● Work instructions
An exact copy of the data is needed, one that excludes all pictures.

● Data segment
◆ ◆ ◆
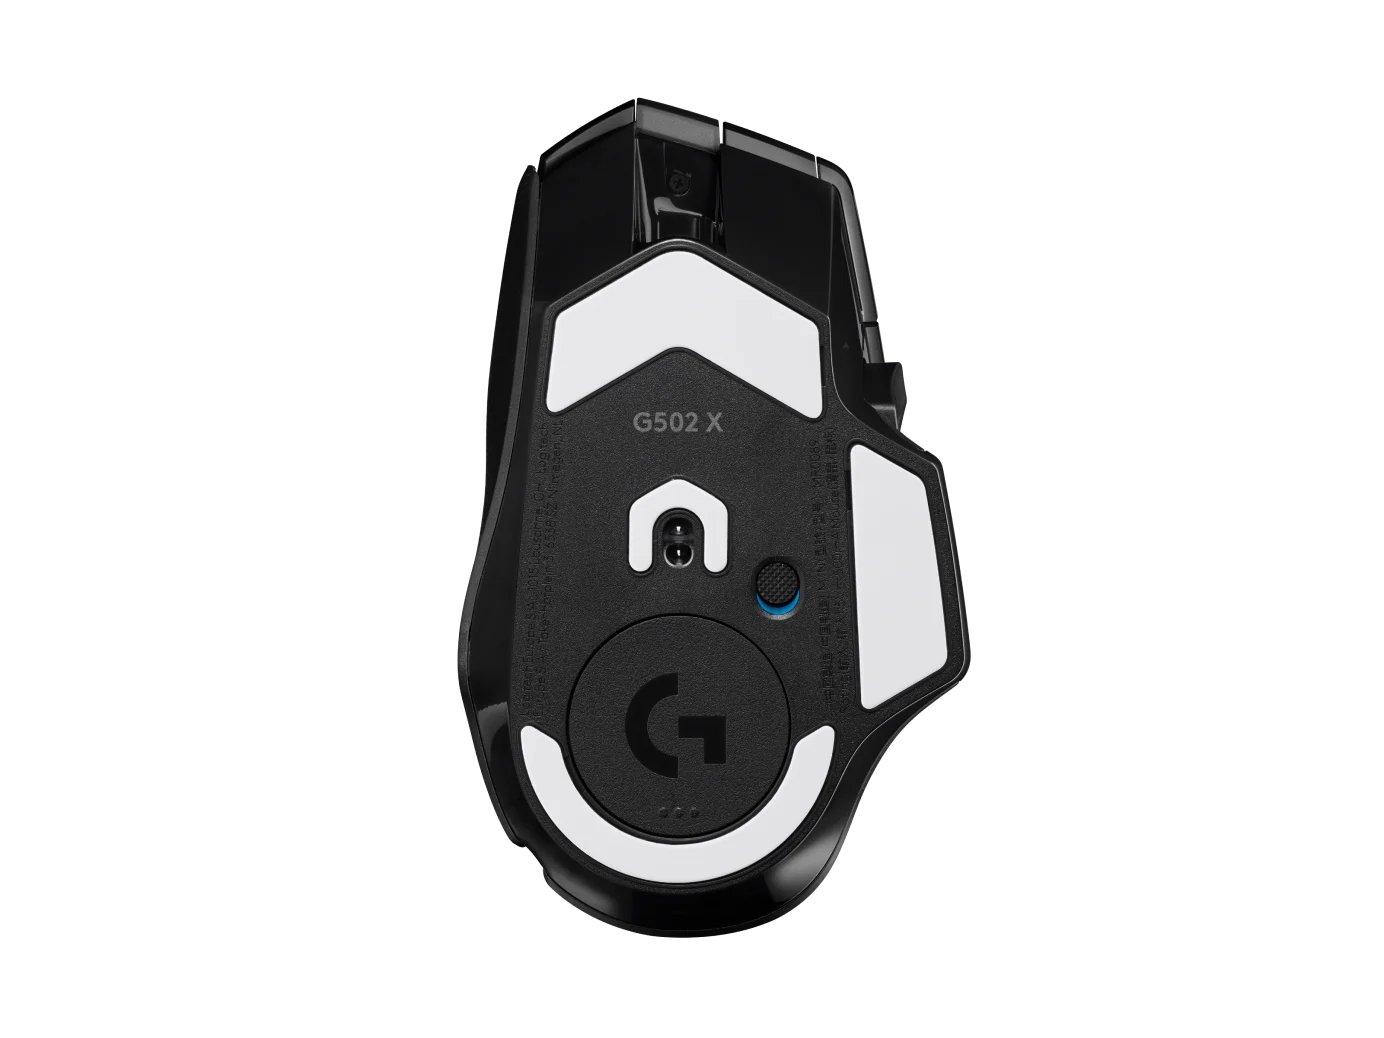  Logitech G502 Lightspeed Wireless RGB Gaming Mouse and
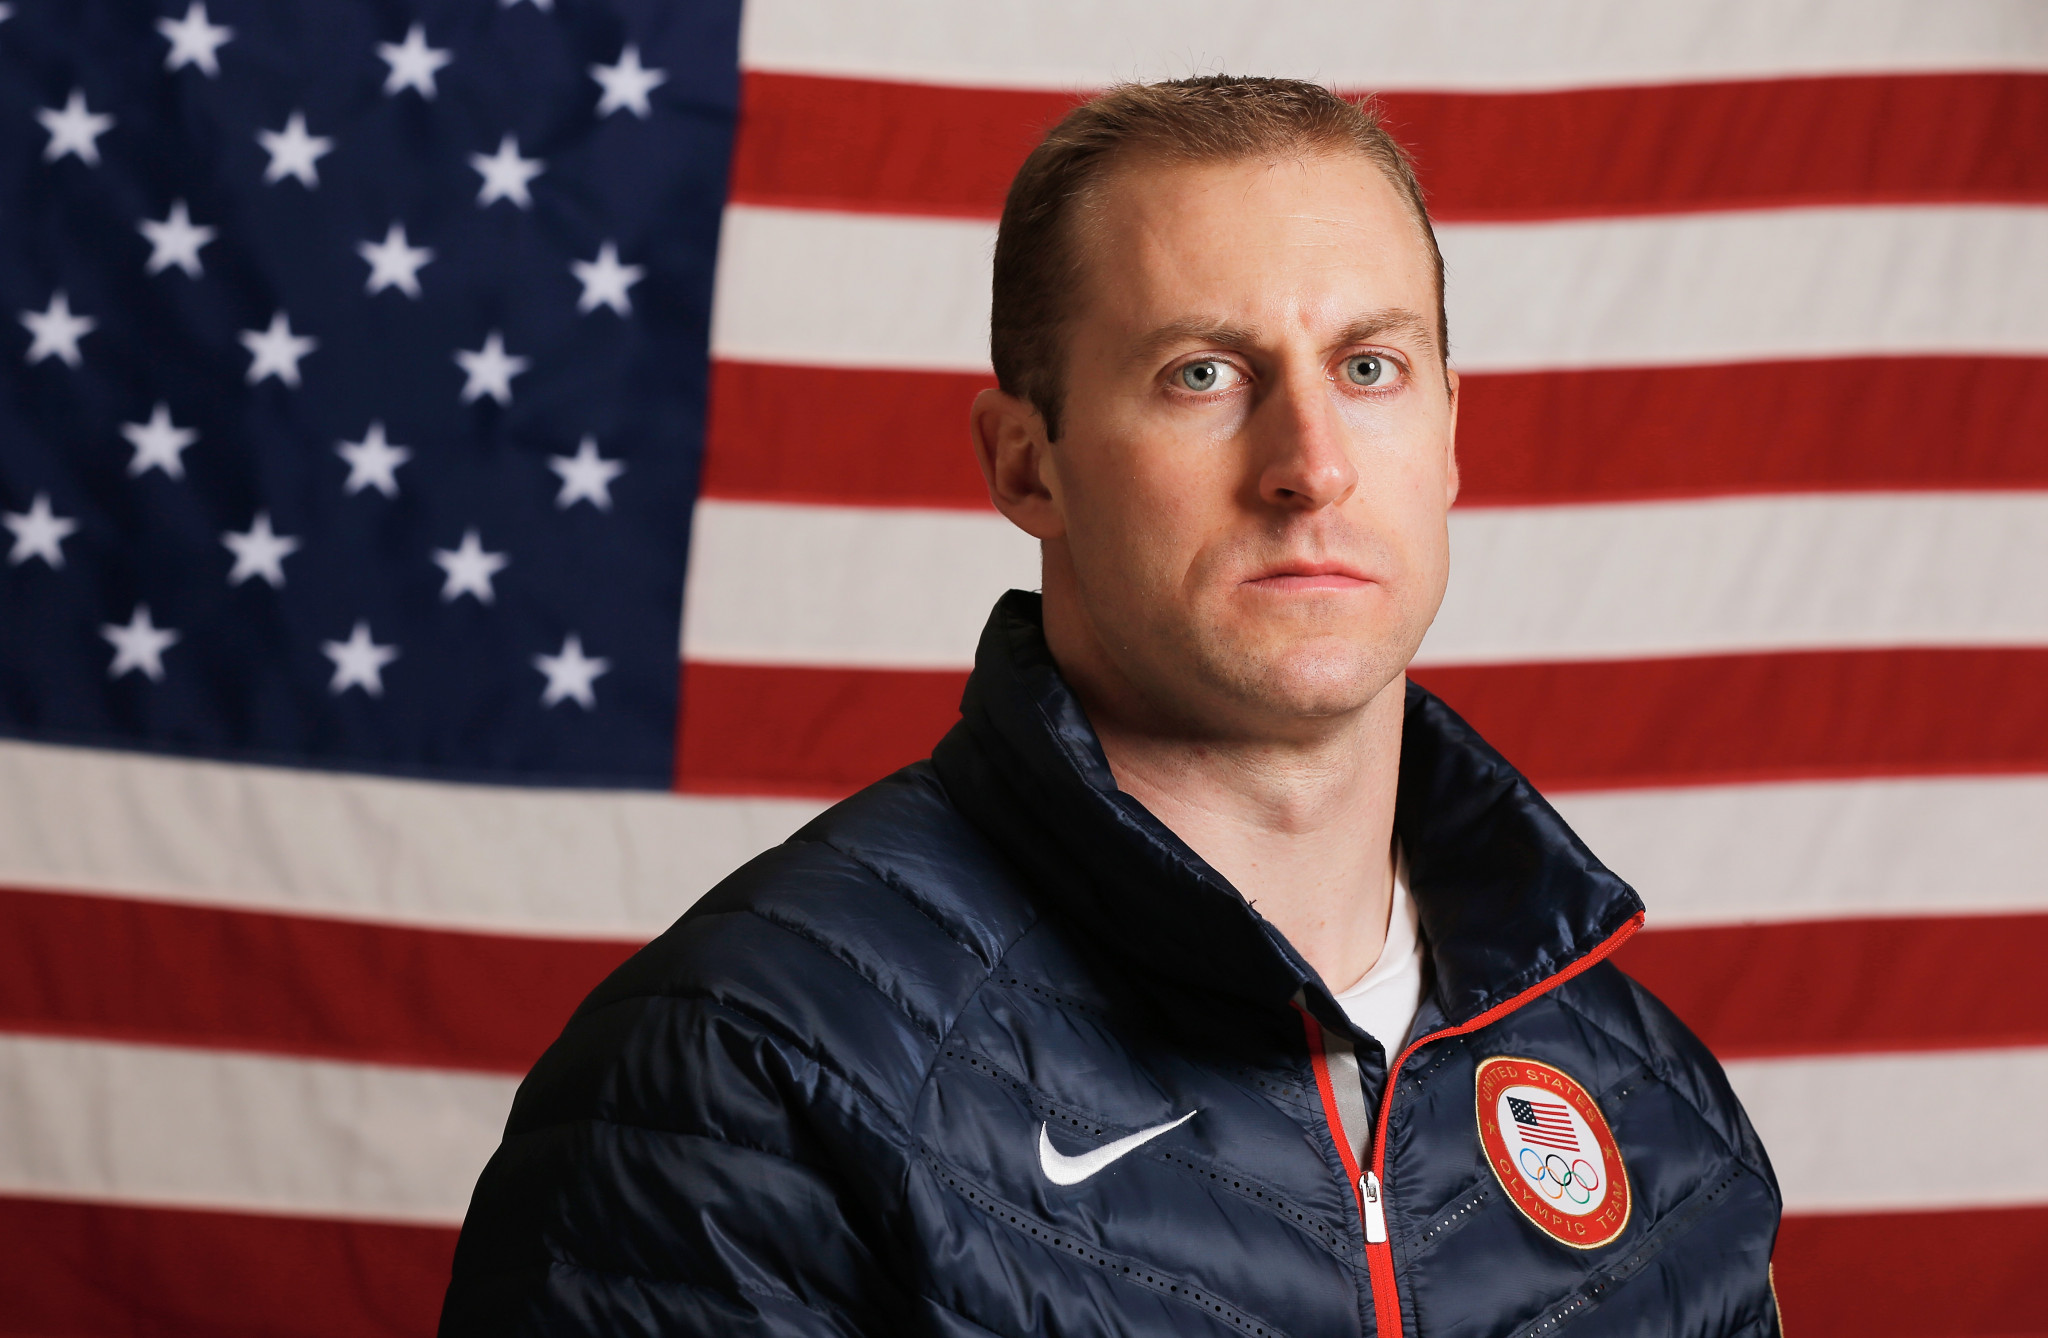 Olympic gold medallist Curt Tomasevicz has been appointed as director of sports performance at USA Bobsled & Skeleton ©Getty Images
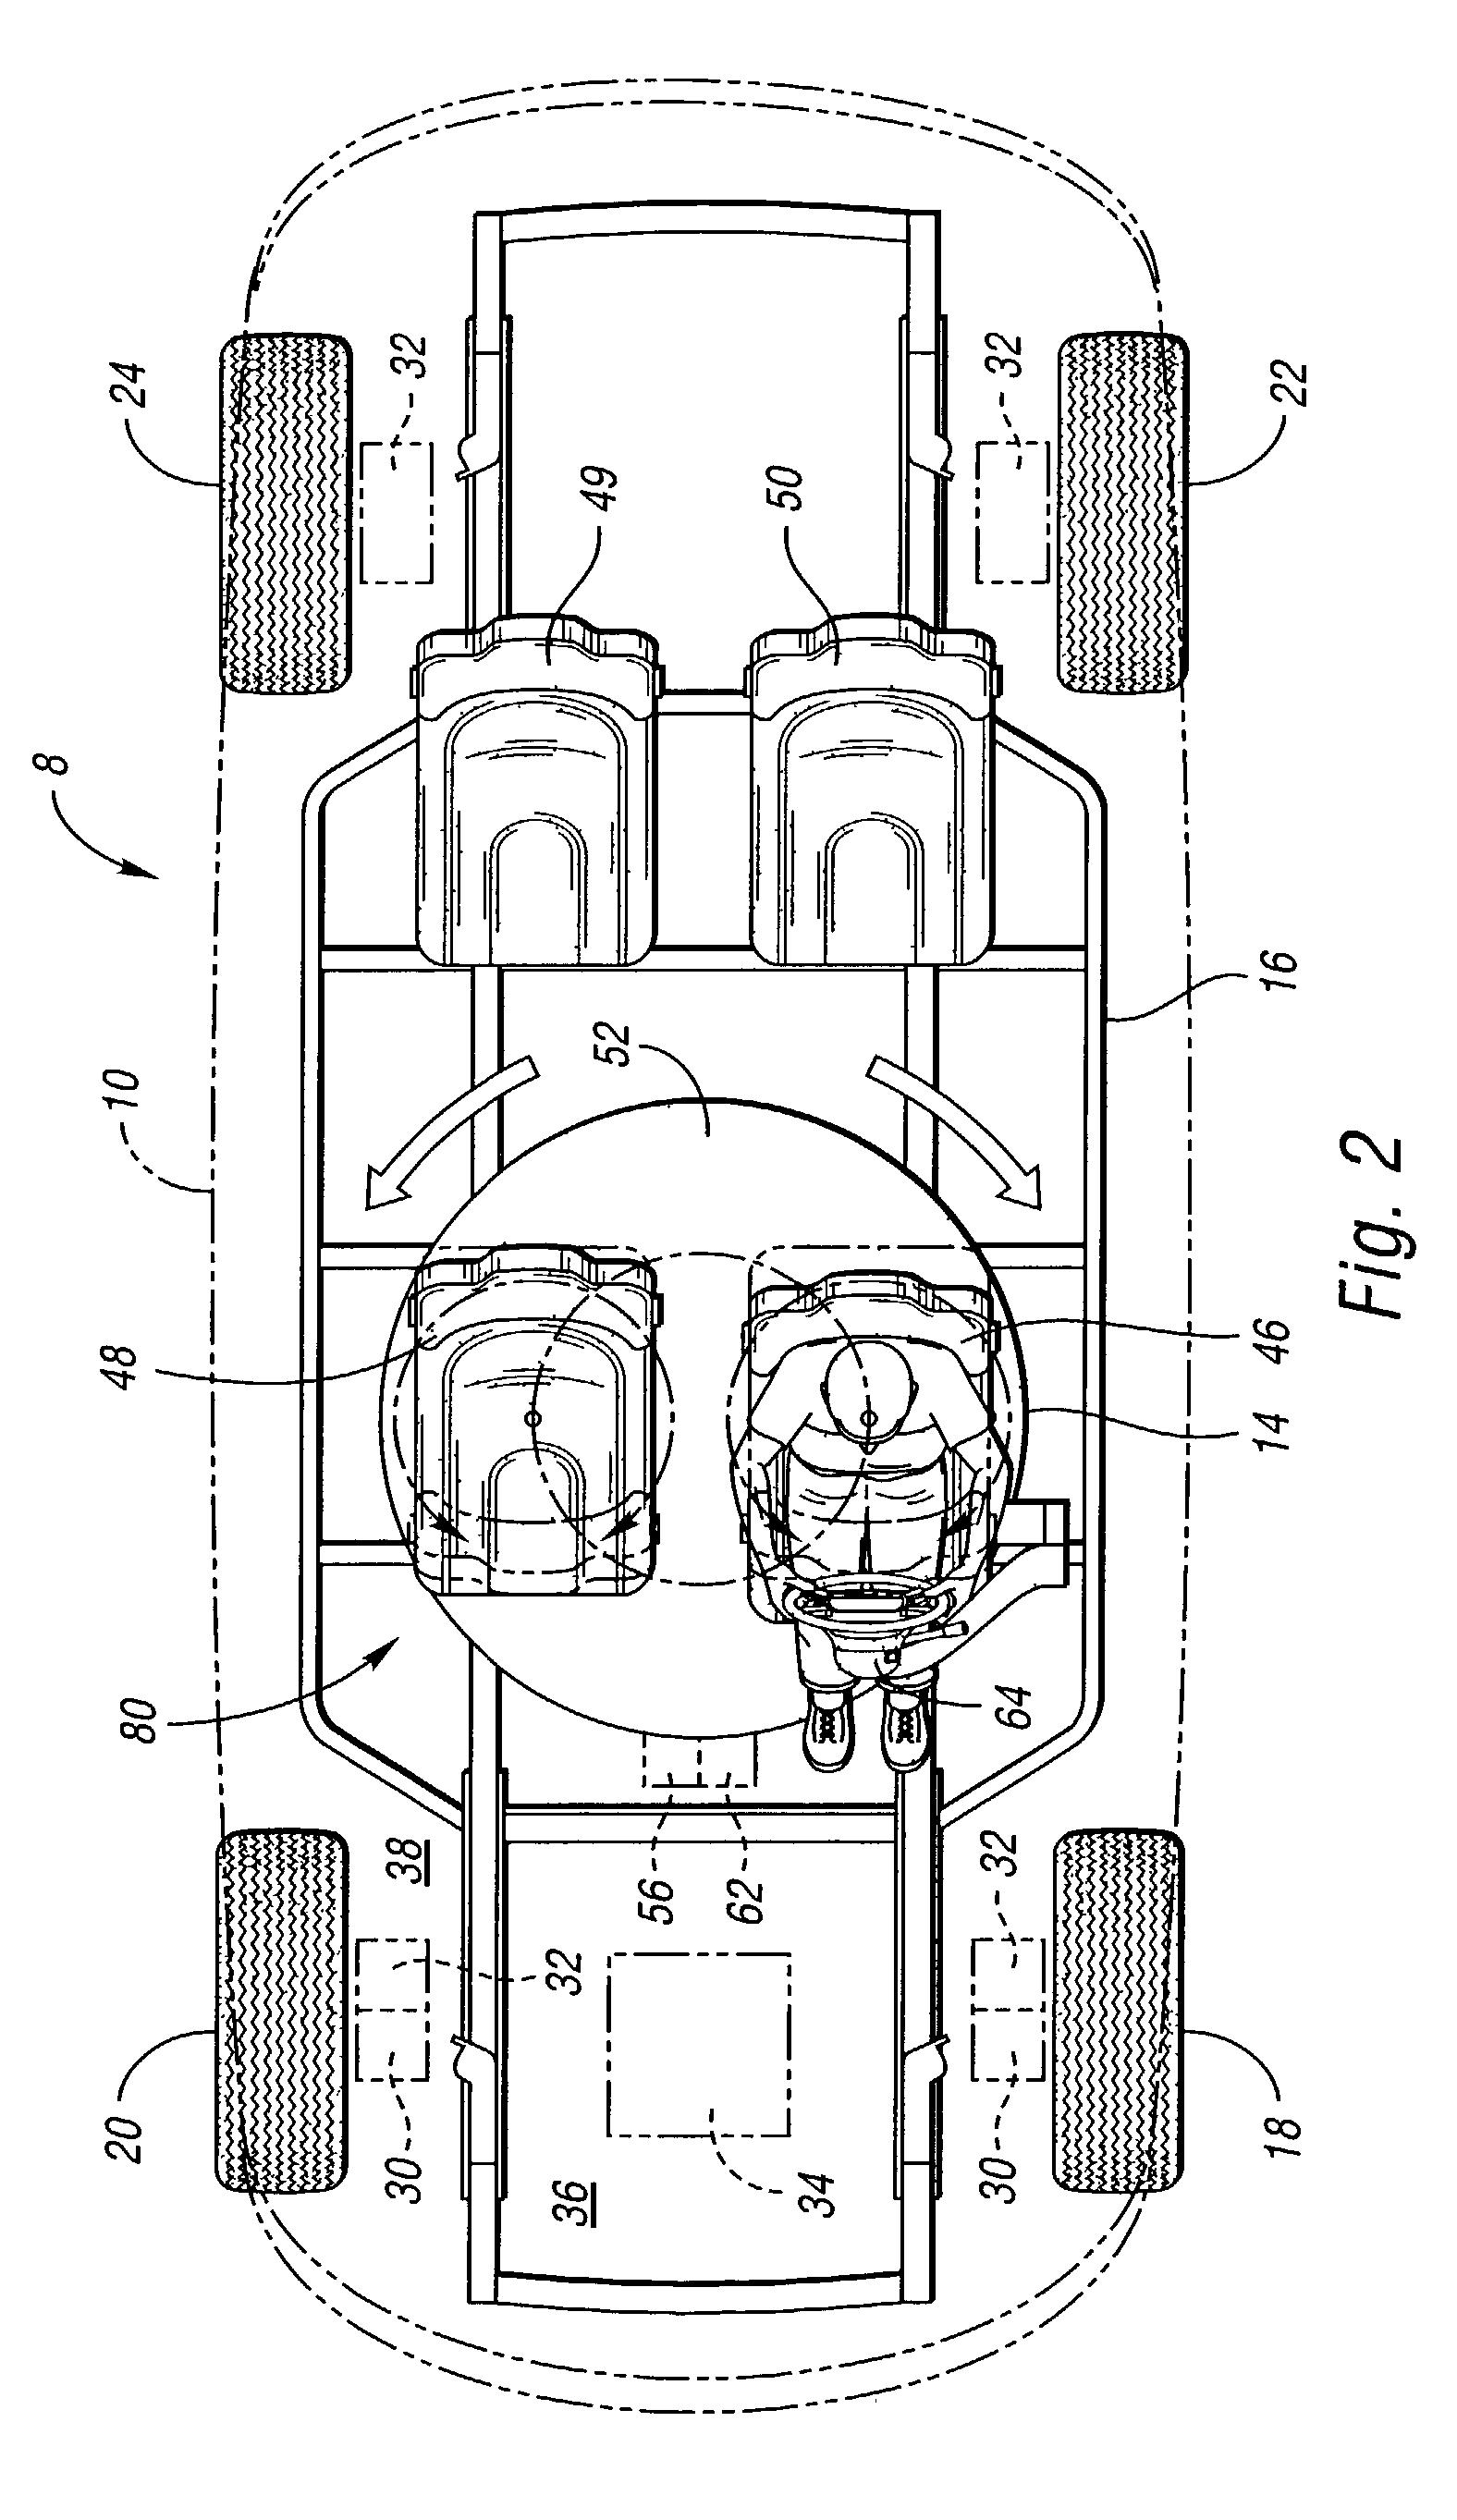 Vehicle having a movable driving position
◆ ◆ ◆
● Written answer
  Logitech G502 Lightspeed Wireless RGB Gaming Mouse and
 Olympic gold medallist Curt Tomasevicz has been appointed as director of sports performance at USA Bobsled & Skeleton ©Getty Images
 Vehicle having a movable driving position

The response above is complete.